Reports to Principal Investigator
Takes direction from administrators & supervisors
-Coordinates and administers the patient care functions within a research project in accordance with research protocols and the daily administration and staff supervision of the project.
-Communicates and interacts closely with Investigator.
-Oversees the planning, scheduling, and implementation of day-to-day clinical activities and procedures, ensuring efficient workflow and adequate care and treatment of research subject.
-Plans and carries out programs for the recruitment, screening, enrollment, and retention of clinical research subjects and/or volunteers; instructs subjects on treatment methods and protocol.
-Performs protocol-required visit procedures and educates research participants regarding the overall research objectives and potential benefits and/or risks for participants.
-Coordinates and maintains contacts with patients, physicians, pharmaceutical companies, and/or other related parties to recruit participants and gain continuing support for the studies.
-Assist in the creation and development of Source Documents.
-Establishes appropriate data collection systems and procedures, according to pre-established research protocol; coordinates and monitors the collection, processing, shipping and recording of clinical data and/or specimen samples, as required by established study protocol.
-Enter data in electronic databases or CRFs.
-Monitors and records patient response to treatment, and communicates study data and results to investigators; maintains complete source documentation and oversees the preparation of study activity reports for sponsors and various medical, legal and regulatory bodies, as appropriate.
-Assure compliance with all requirements for Serious Adverse Event reporting, as well as submission of all required documents for review
-Administers prescribed study medications, performs phlebotomy, monitors vital signs, and/or performs other specialized medical procedures, as appropriate to the specific needs of the study and individual subjects.
-Maintain inventory of supplies.
-Identifies problems and trends, recommending procedural changes to the principle administrator and administrator.
-Directs the work of support staff, laboratory technicians, and assistants to ensure efficient, timely, and high quality results and adherence to research protocols.
-Represents and promotes the objectives and activities of research studies to various internal and/or external constituencies, as appropriate.
-May oversee and guide the work of other medical and/or support staff engaged in study activities.
-Other duties as assigned.
KNOWLEDGE, SKILLS, AND ABILITIES REQUIRED:
-Bilingual (Spanish)
-Flexibility.
-Organizing, coordinating, and multi-tasking skills.

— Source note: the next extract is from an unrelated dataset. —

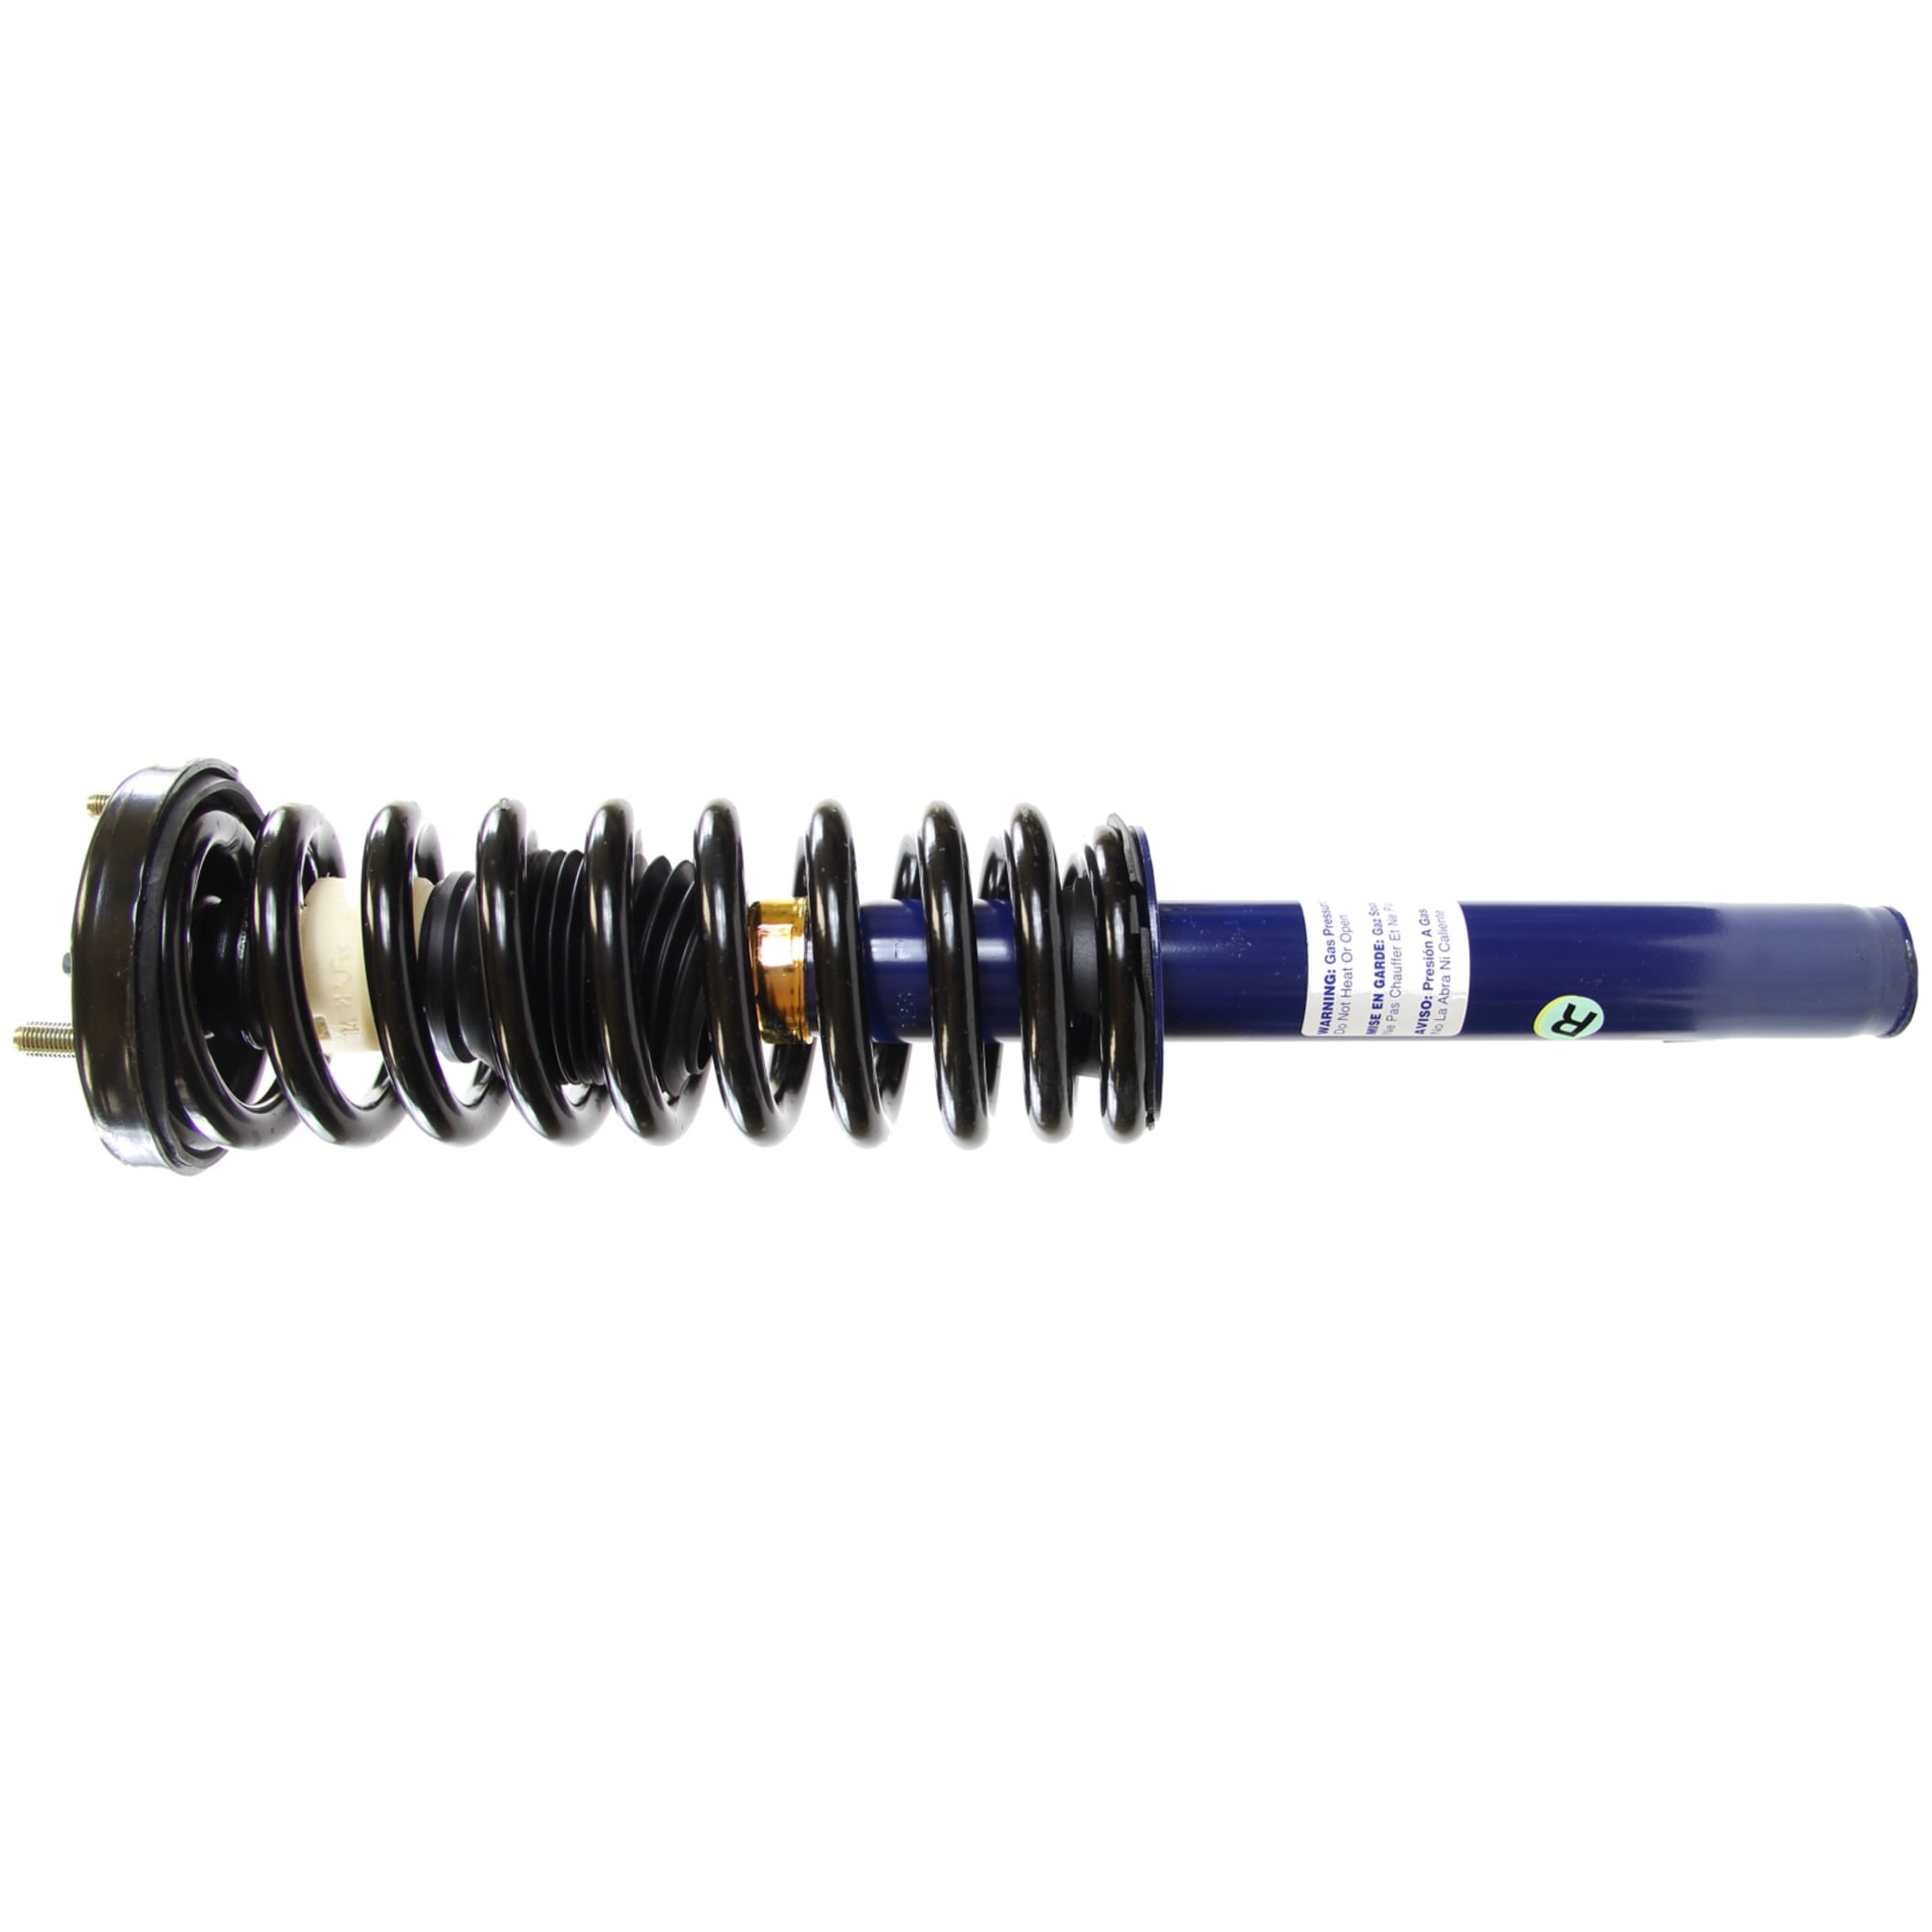 RoadMatic Complete Strut Assembly 
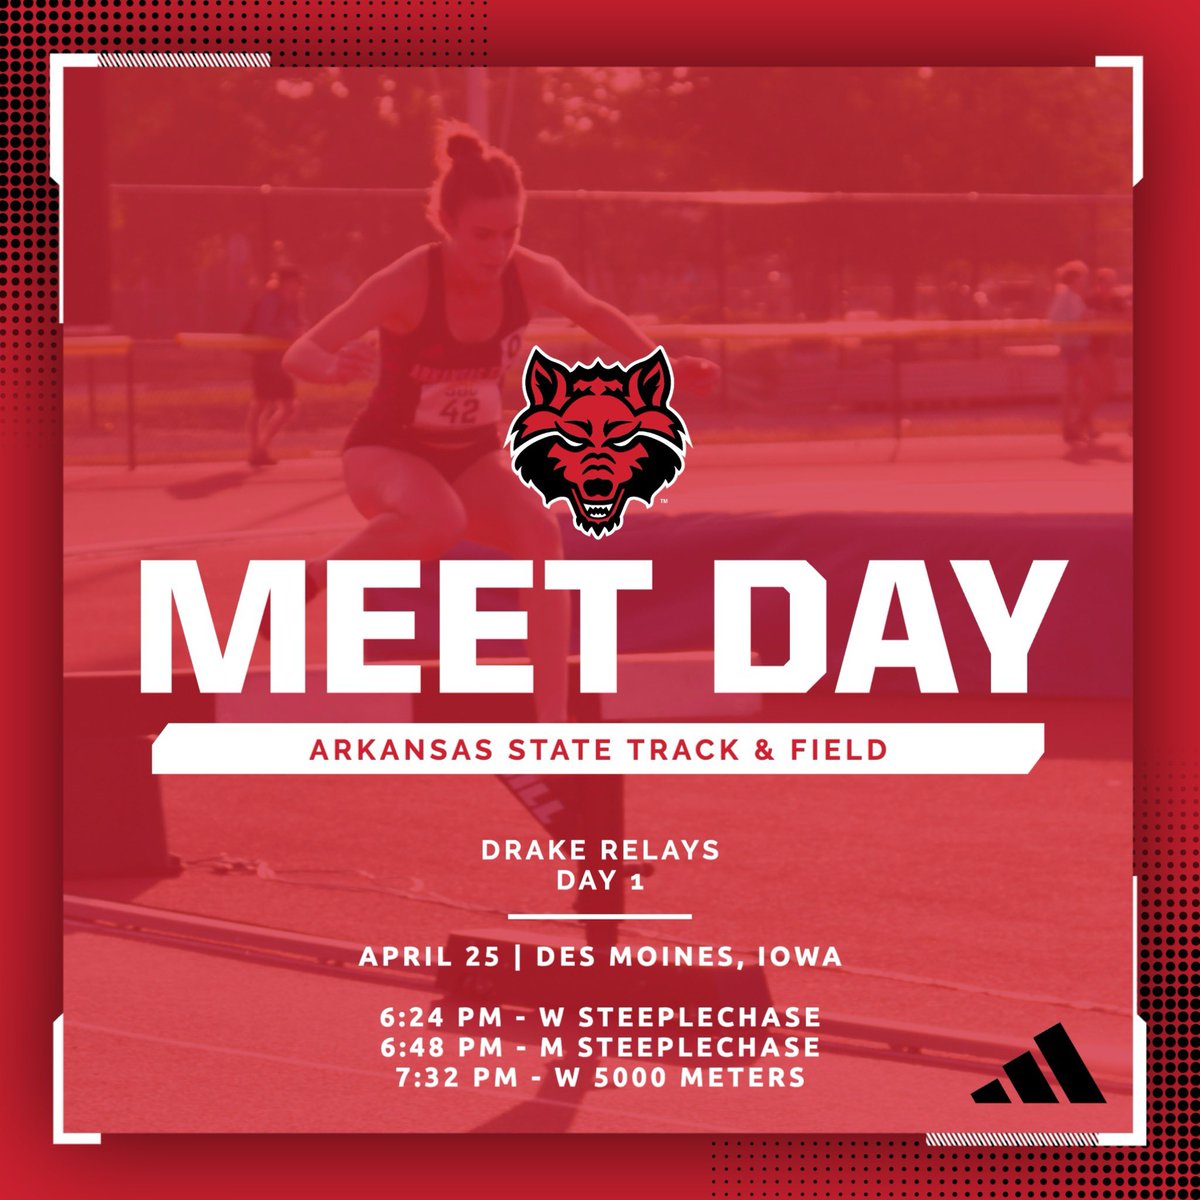 Getting the week started tonight at the Drake Relays with a few distance races! 📊 results.drakerelays.us #WolvesUp

-Ability to coordinate with main office to ensure proper documentation, adequate supplies, and patient and staff scheduling.
-Ability to observe, assess, and record symptoms, reactions, and progress.
-Knowledge of the principles and procedures of clinical research.
-Ability to make administrative and procedural decisions and judgments on sensitive, confidential issues.
-Strong interpersonal and communication skills and the ability to work effectively with a wide range of constituencies in a diverse community.
-Knowledge of clinical and/or surgical facilities, instruments, and equipment.
-Ability to maintain records in an organized manner.
-Ability to recruit, evaluate and instruct clinical research subjects and volunteers.
-Ability to prepare and process laboratory samples using established protocols.
-Ability to maintain quality, safety, and/or infection control standards.
-Knowledge of accreditation and certification requirements and standards.
-Skill in the use of personal computers and related software applications.
-Ability to learn new software applications for electronic data entry.
-Knowledge of FDA regulations.
-Ability to draw blood, administer IVs, and perform standard nursing procedures.
WORKING CONDITIONS AND PHYSICAL EFFORT:
-Work is normally performed in a typical interior/office work environment from the hours of 8 AM — 5 PM; however employee must stay until work is completed.
-Some travel to investigator meetings and educational seminars required. Travel may include nights and weekends. Rarely, attendance at educational meetings, health fairs, and recruitment events may be required on evenings and/or weekends.
-Occasionally, employee may be required to be on-call nights and weekends.
-Training and working at other locations, as needed.
-Moderate physical activity. Requires handling of average-weight objects up to 25 pounds or standing and/or walking for more than four (4) hours per day.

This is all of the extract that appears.